That's full CRUD consistency, consistent listing, and no 404 caching.

You don't get: rename, or an atomic create-no-overwrite. Applications need
to know that and code for it.

This is enabled for all S3 buckets; no need to change endpoints or any
other settings. No extra cost, no performance impact. This is the biggest
change in S3 semantics since it launched.

What does this mean for the Hadoop S3A connector?


   1. We've been testing it for a while, no problems have surfaced.
   2. There's no need for S3Guard; leave the default settings alone. If you
   were using it, turn it off, restart *everything* and then you can delete
   the DDB table.
   3. Without S3 listings may get a bit slower.
   4. There's been a lot of work in branch-3.3 on speeding up listings
   against raw S3, especially for code which uses listStatusIterator() and
   listFiles (HADOOP-17400).


It'll be time to get Hadoop 3.3.1 out the door for people to play with;
it's got a fair few other s3a-side enhancements.

People are still using S3Guard and it needs to be maintained for now, but
we'll have to be fairly ruthless about what isn't going to get closed as
WONTFIX. I'm worried here about anyone using S3Guard against non-AWS
consistent stores. If you are, send me an email.
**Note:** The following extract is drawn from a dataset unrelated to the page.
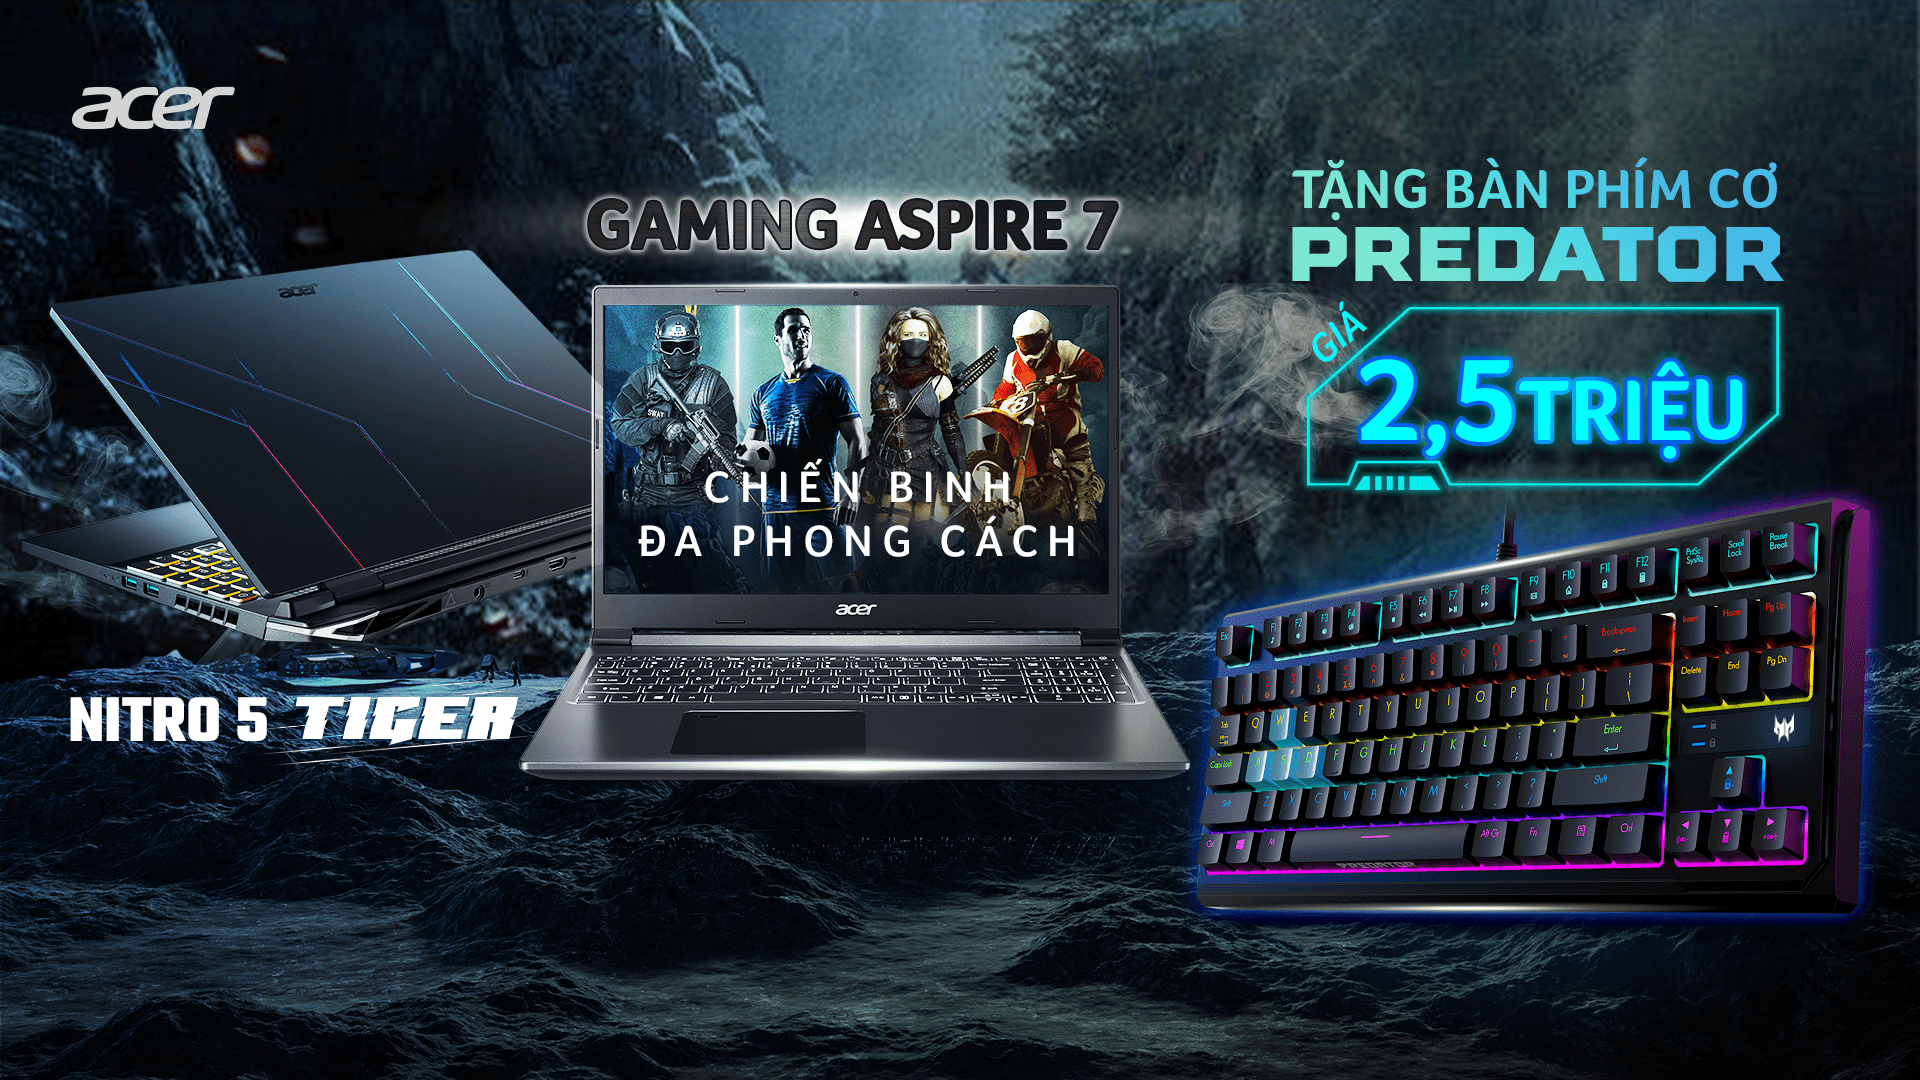 Mua Laptop Gaming Acer Tặng Bàn Phím Cơ Predator - Aspire 7 AMD

And so for releases/PRs, tdoing est runs with and without S3Guard is
important. I've added an optional backwards-incompatible change recently
for better scalability: HADOOP-13230. S3A to optionally retain directory
markers. which adds markers=keep/delete to the test matrix. This is a pain,
though as you can choose two options at a time it's manageable.

Apache HBase
============

You still need the HBoss extension in front of the S3A connector to use
Zookeeper to lock files during compaction.


Apache Spark
============

Any workflows which chained together reads directly after writes/overwrites
of files should now work reliably with raw S3.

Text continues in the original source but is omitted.